The government also banned mask exports while it stockpiled and then rationed them out to residents as local production increased tenfold. The health system was scaled up and new technologies developed to monitor, track and trace potential cases, and to support people with grocery deliveries and counselling.

Audrey Tang, Taiwan’s digital minister, said the most important technologies in the Covid response were masks and soap, but technology played an “assistive role”. This included the development of a mask availability map using pharmacy supply and sales data, and “digital fencing” – using phone tracking to allow people to quarantine at home. When a signal leaves the property or drops out, a call is made to the police.

Marchers at Taipei Pride. Photograph: Sam Yeh/Getty Images

The measures “piggyback” on existing technology – such as mobile phone mast triangulation and SMS warning systems for earthquakes – to alert people to infection risks nearby, said Tang, a former civic hacker and well-known advocate of open democracy. They don’t collect any data they weren’t collecting pre-pandemic, Tang added.

Other countries have balked at proposals far less intrusive than those that Taiwanese people accept. Cheng said there had been a lot of discussion about whether the state had gone too far but acknowledged that it had been responsive to concerns.

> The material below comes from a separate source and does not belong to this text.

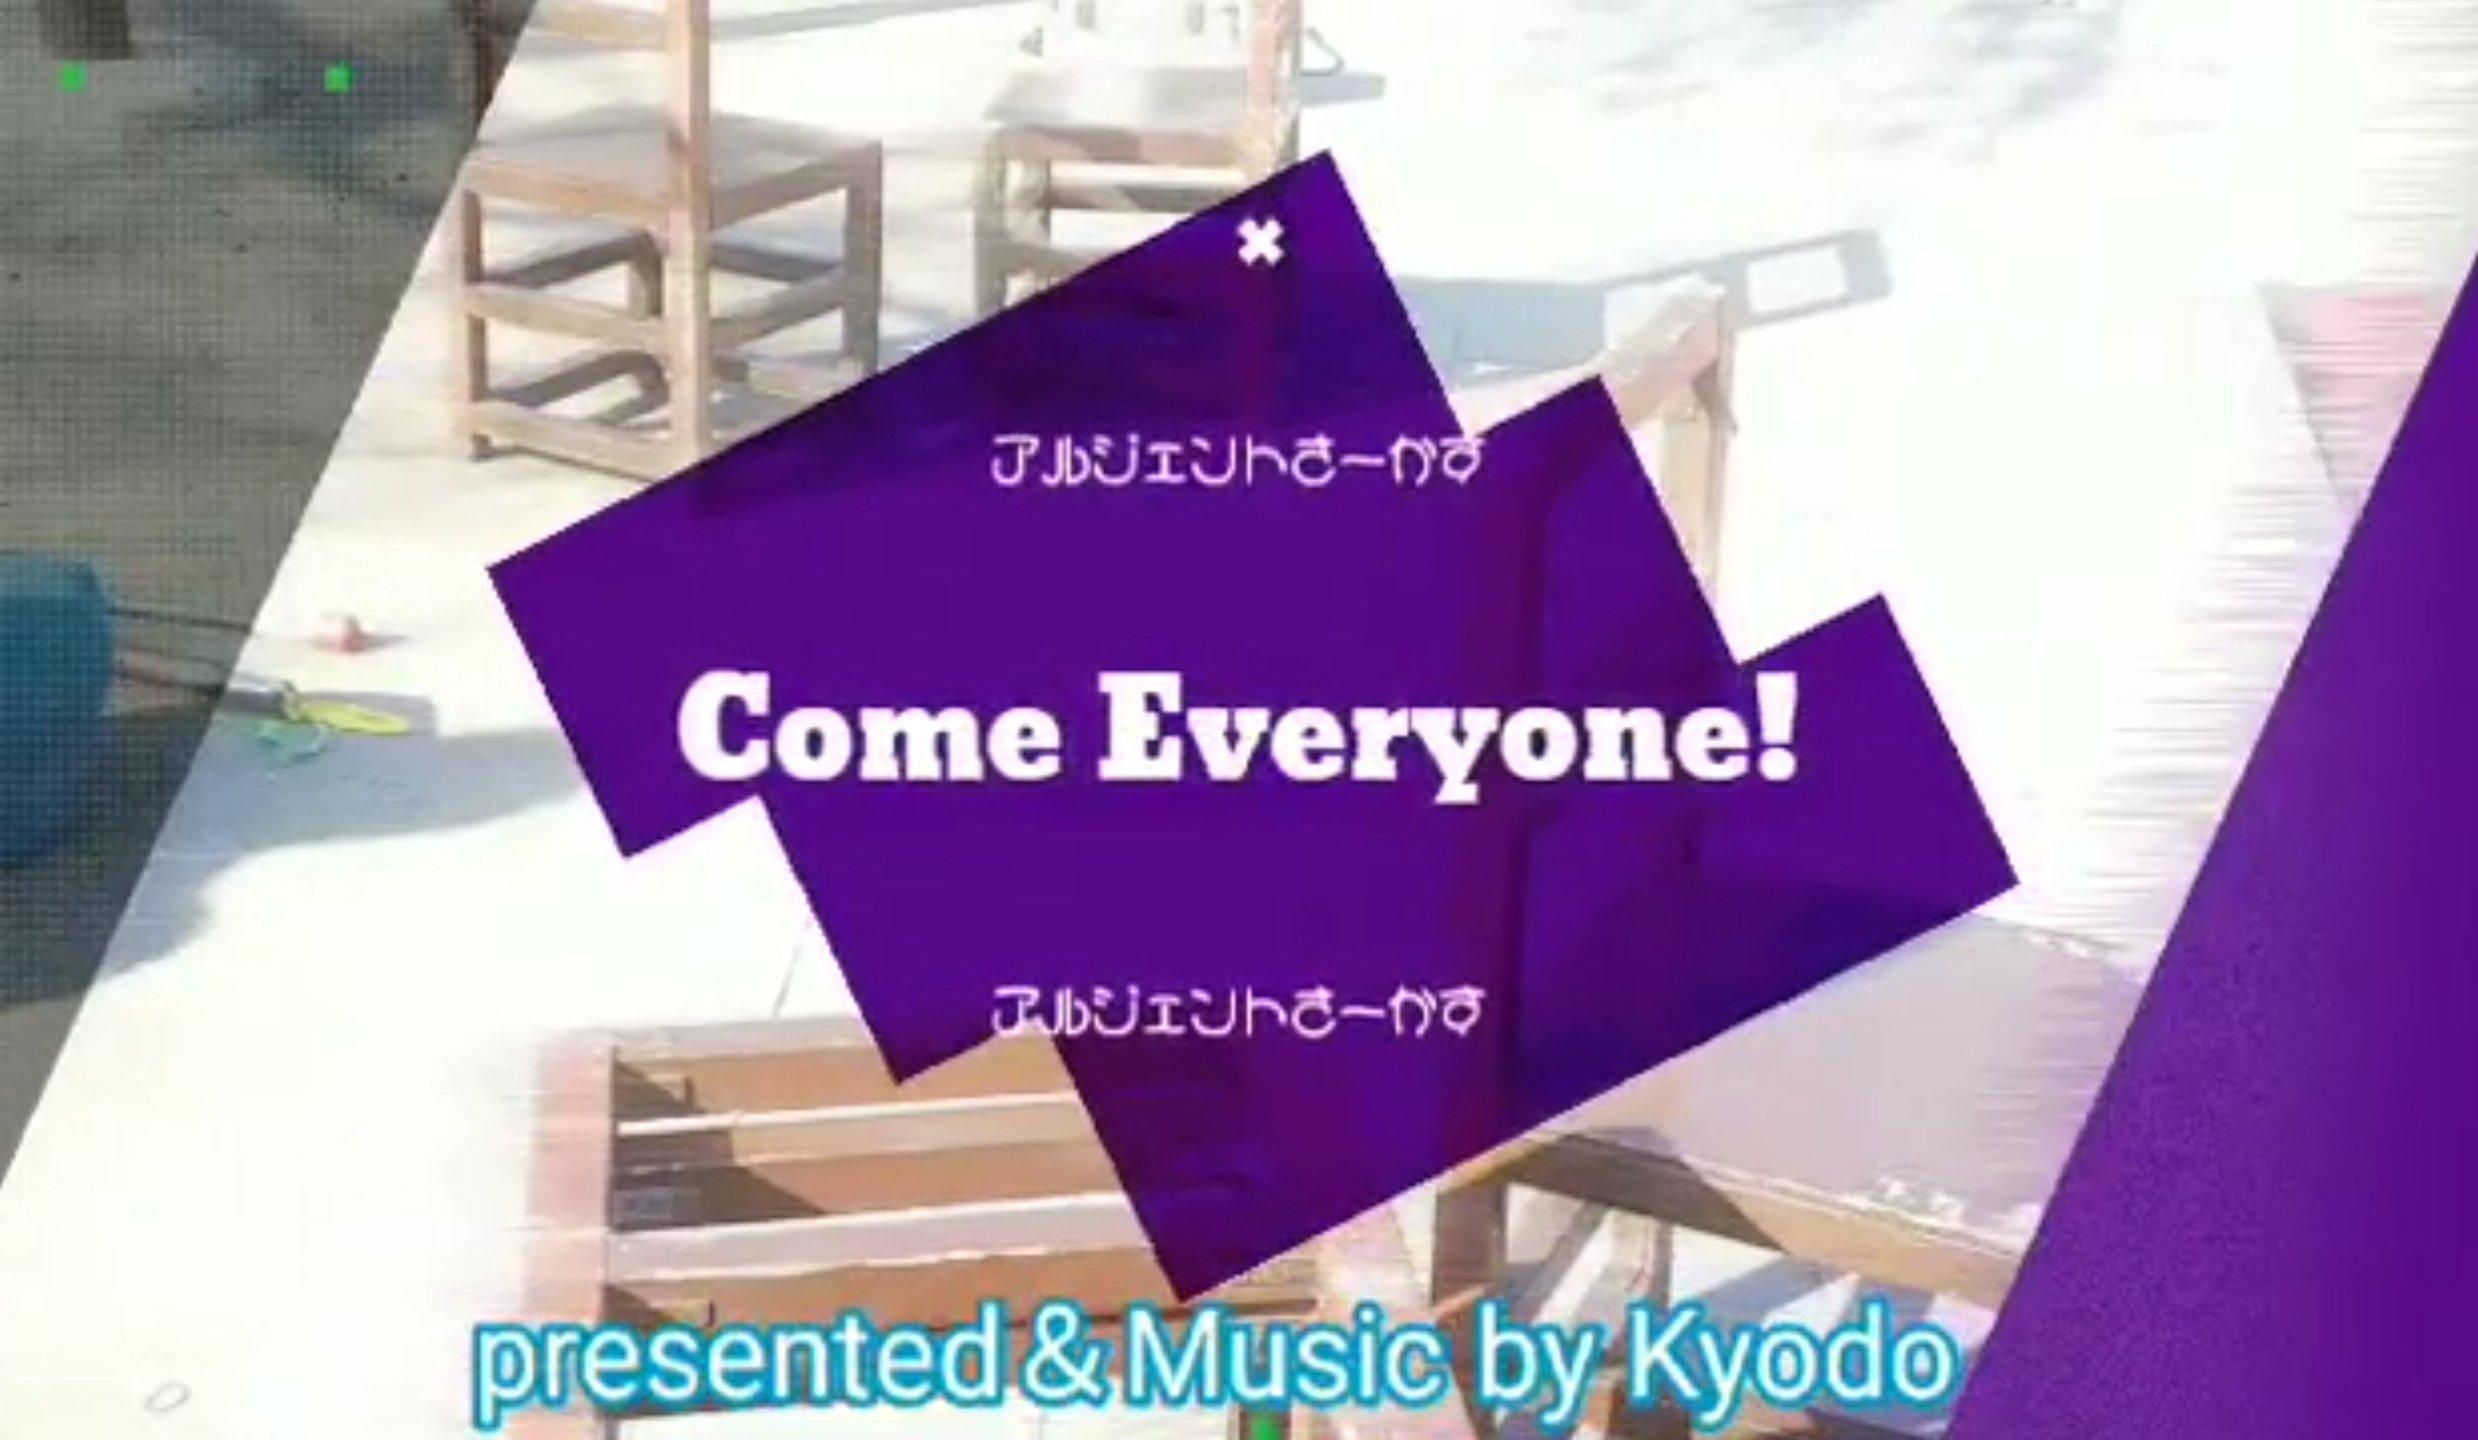 Come Everyone!Kyodo Remixのオリジナル楽曲によるアルジェントさーかすの大道芸人GEN(ジェン)のパフォーマンス

In a policy study published in October, Cheng and her co-author suggested the Taiwanese government’s landslide election win in January gave it the political capital to maximise its response, and perhaps even to overreact. “I think social trust is the key to the success of Taiwan’s virus control,” she said. It’s an interactive process. The government has done a lot to make the information more public and open, and so in turn the public trust the government’s actions.”

Taiwanese society was not unchanged by the pandemic. While Taiwan’s tech exports rose in a world full of people stuck at home with their devices, the local economy suffered. The Taiwanese government has passed financial measures worth billions of pounds.

Tang said habits formed in the early months, like contactless payments and online food deliveries, boosted e-commerce but hurt sectors that rely on face-to-face interaction. In response, the government launched a programme selling NT$3,000 (£80) shopping vouchers for $1,000.

“That rebuilt the habits of spending outside of one’s home, and rebuilt the economy based on face-to-face transactions, like night markets,” Tang said.

Now, Taipei’s shops and markets are heaving. People browse, busk and greet each other with handshakes and hugs. It feels normal.

Tang said the government’s willingness to listen to expertise outside its inner circle was key. It helped that the vice president at the time of the outbreak was Chen Chien-jen, an epidemiologist, but there was also “a larger culture that says we trust the wisdom at the edges and the frontline”.

Back at the parade, the afternoon sun bounced off the blue sequins of Diva Wei’s ballgown as she and Daniel Lin waited to start marching, something they were conscious was open to few others around the world.

“I feel this is the marvellous outcome of our government’s policy and the collaboration from society,” said Lin. “It’s so great.”